Re: And this where you are so very, very wrong
Sigh. No, Hellkell.
Size doesn’t determine whether a human being is a person or not. Nor does stage of development. And nor does location (inside the womb or out of it.)
I’ve emailed the Dark Lord.
Re: Well, ladies, Hector has informed you that your bodily autonomy matters less than a fetus does. That settles that argument.
Well, yes, obviously.
Preserving human life is more important than personal convenience.
Re: So you’ve decided beforehand that anyone who doesn’t agree with you already isn’t allowed to participate in any discussions?
I have never pretended to be a democrat, or to believe that all people’s opinions have equal value, Katz.
As the Latin proverb goes, ‘quod licet Jovi non licet bovi’, or: what is permitted to Jupiter (i.e. God) is not permitted to the cow.
So you are going to let leftwingfox harvest your organs, then?
In other words, “Yes.”
Next question: Why are you saying discussion-like things to a group of people you already decided aren’t allowed to have discussions?
“I’ve emailed the Dark Lord.”
Thank you kittehserf. I probably shouldn’t even be looking at this. People calling the right to a a safe abortion “selfish” tend to make me very very upset.
Hector sure is pissed off that women do have bodily autonomy.
What a morally bankrupt position to take. Hey Hector, how do you face yourself in the mirror in the morning? Or are you just so shameless you just don’t care?
Re: Hector doesn’t think women are worthy of consideration as full human beings, actual people, with lives, needs, desires, and opinions of their own
As usual, Bee, you make the mistake of generalizing *your* ‘experience’ to women as a whole.
I may not think that *you* are particularly deserving of a voice in the public square, but that says nothing about women as a whole.
Women are, as one might expect, about as likely to be pro-life as men.
Hector, if the procedure actually changed minds, you might actually have a point. Fetuses, blastocysts, and zygotes might be saved.
But, in every study I’ve looked at, the ultrasound did not change minds.
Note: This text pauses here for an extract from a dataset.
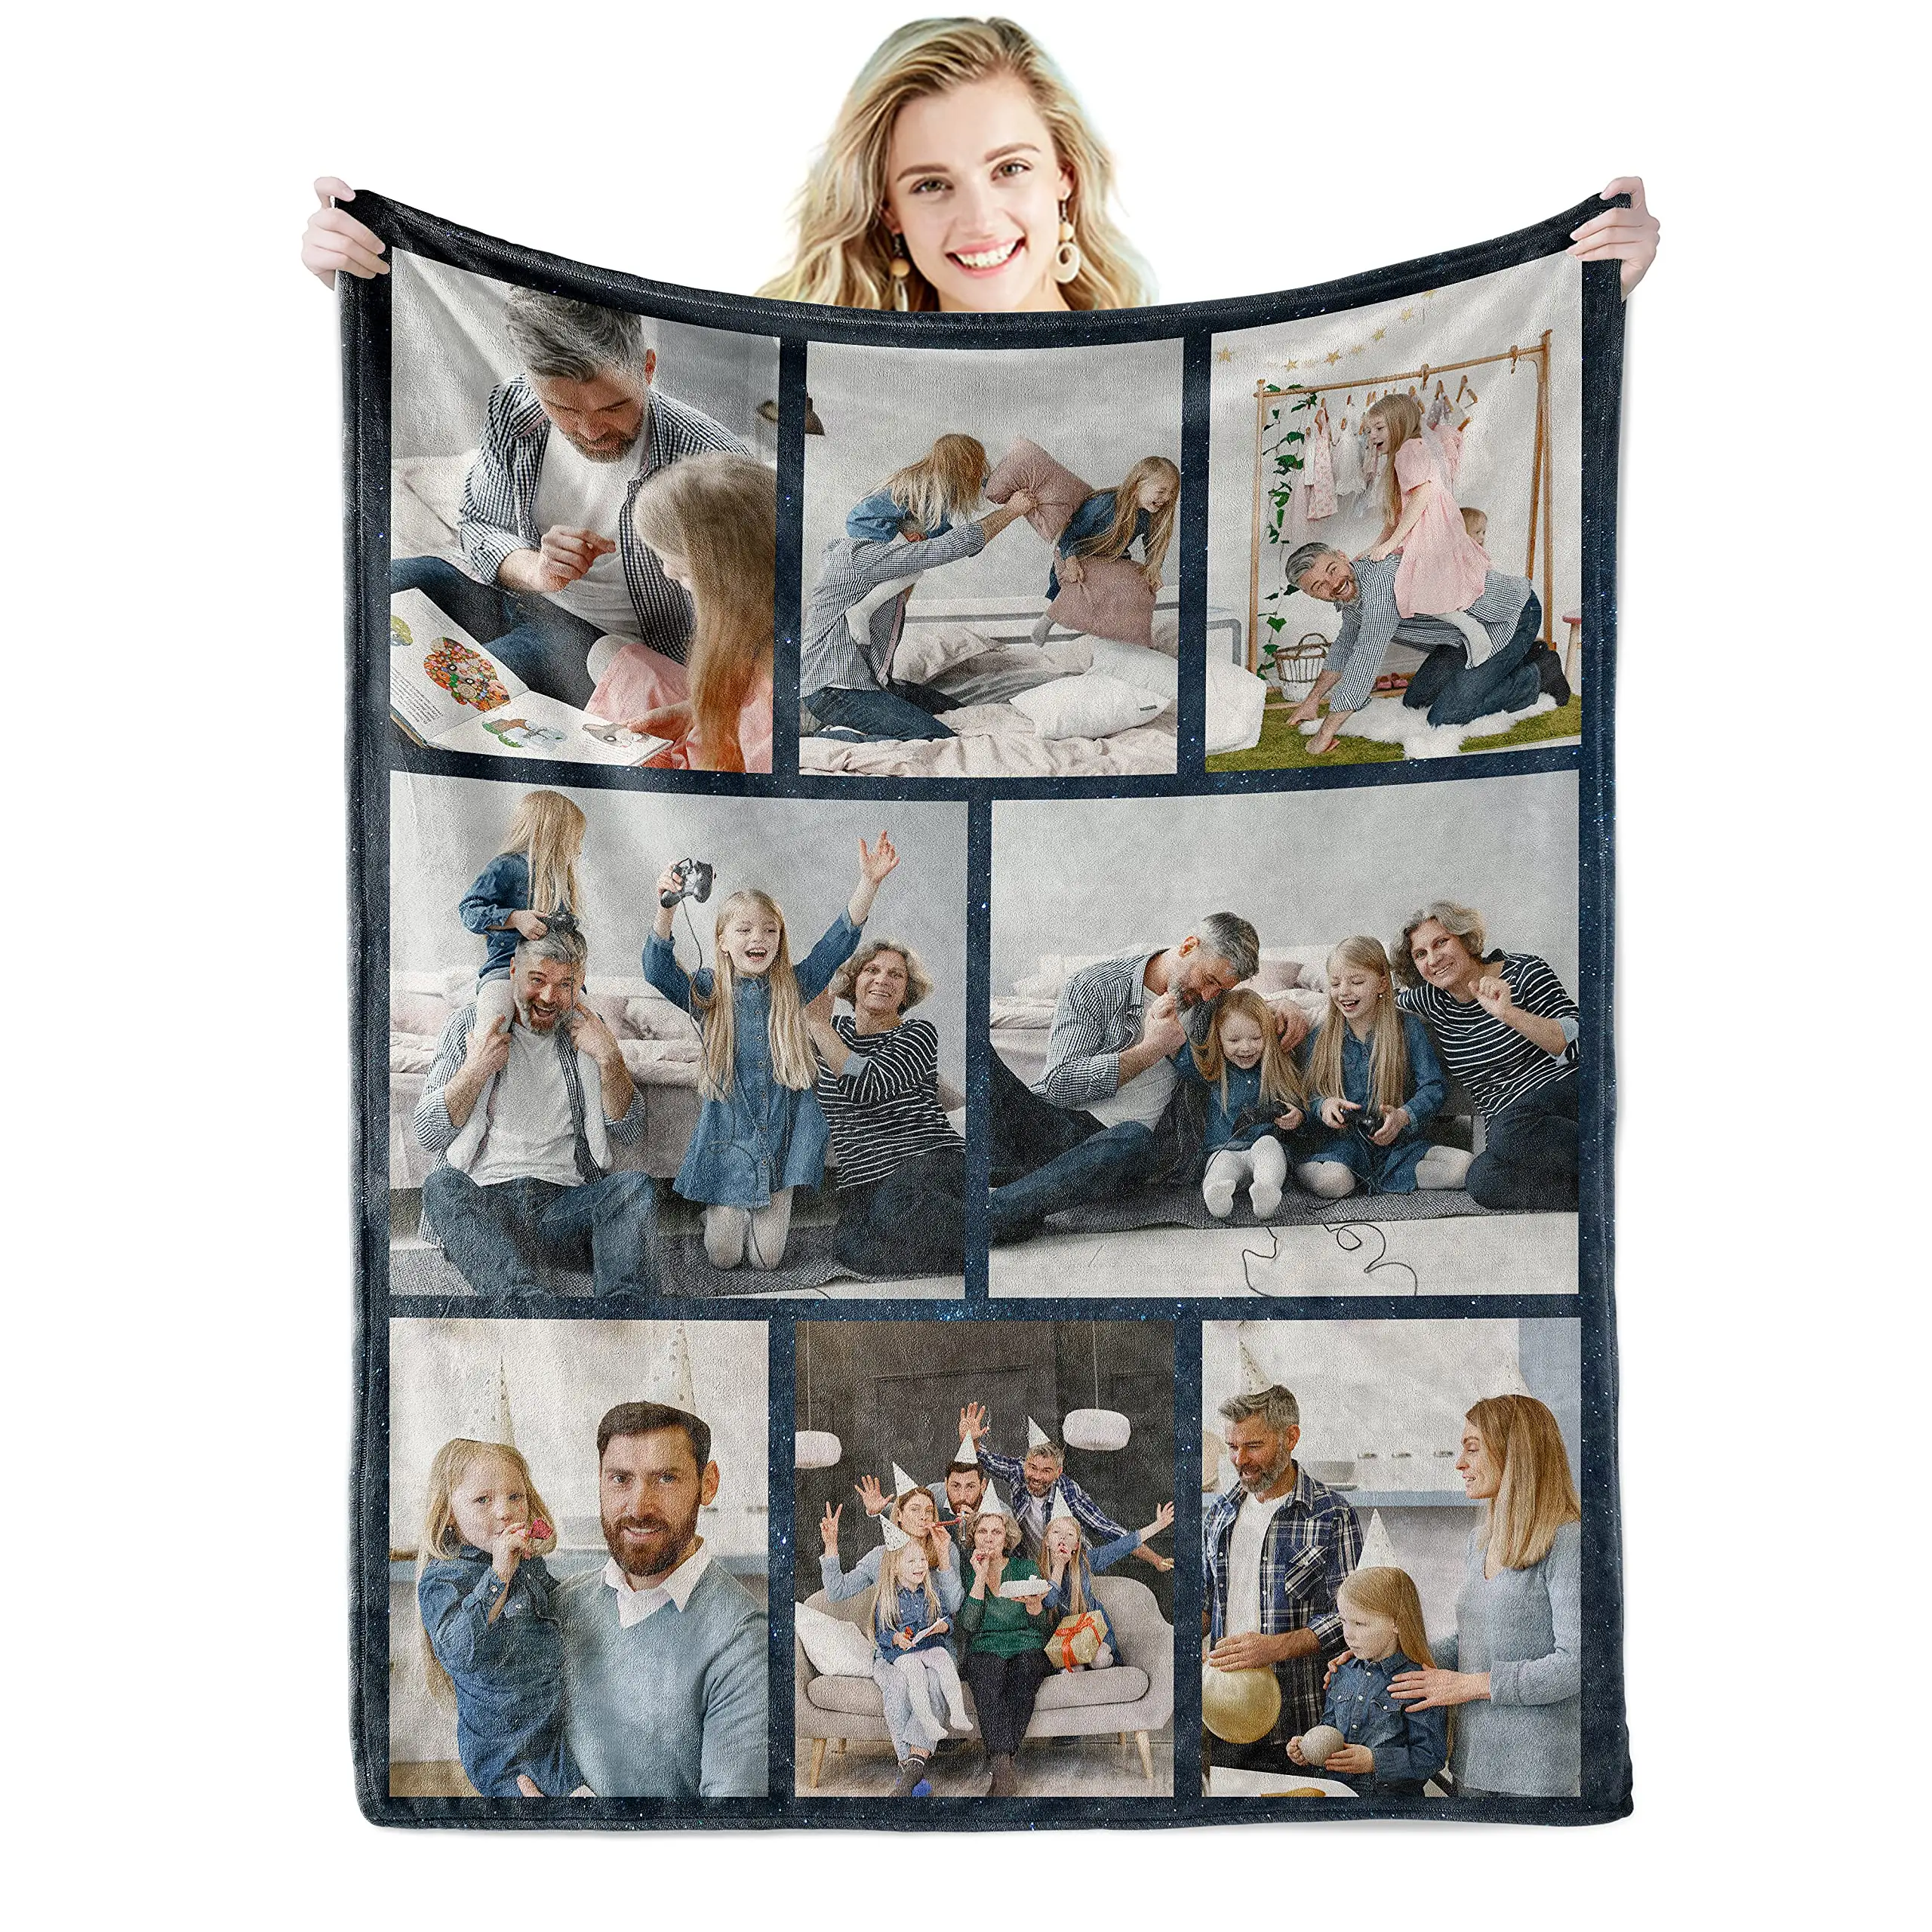 Индивидуальное одеяло с надписью и коллажем, индивидуальное одеяло s, индивидуальное одеяло для отца, мамы

Thus, we have an invasive ‘punishment’ that doesn’t make any impact on the life of the fetus and has huge potential to harm the ‘would be mother’ emotionally, especially in the case of rape.
The states money would be WAY better spent on education in order to reduce unwanted pregnancies… If you truly care about reducing abortions.
Except it turns out you can’t have a conversation with “women as a whole.” Even if they did all agree, which they don’t, it would be logistically prohibitive. So if you want to actually discuss something, you’ll have to discuss it with one or several particular women, who will have particular opinions that may or may not be similar to the majority of other people.
Meanwhile, you don’t seem to have any compunctions about voicing your own opinions, whether or not they agree with men as a whole.
rE: I probably shouldn’t even be looking at this. People calling the right to a a safe abortion “selfish” tend to make me very very upset.
I don’t know how you would describe it other than ‘selfish’. You would like to put your personal whims over the life of your unborn child to live. Your ‘autonomy’ is trivial compared to the life of your child, even at the embryo stage.
The most charitable way to look at that you’re simply deeply ignorant, rather than malicious. But objectively, it is a quintessentially selfish position.
I don’t expect the laws to change anytime soon, but it is my hope that *someday* you will find it impossible to get an elective abortion, and that the law will crack down on you if you attempt to. One can hope, after all.
… Now that I’ve said that, if this thread is going to be way off topic anyway, can I donate some cute baby armadillos?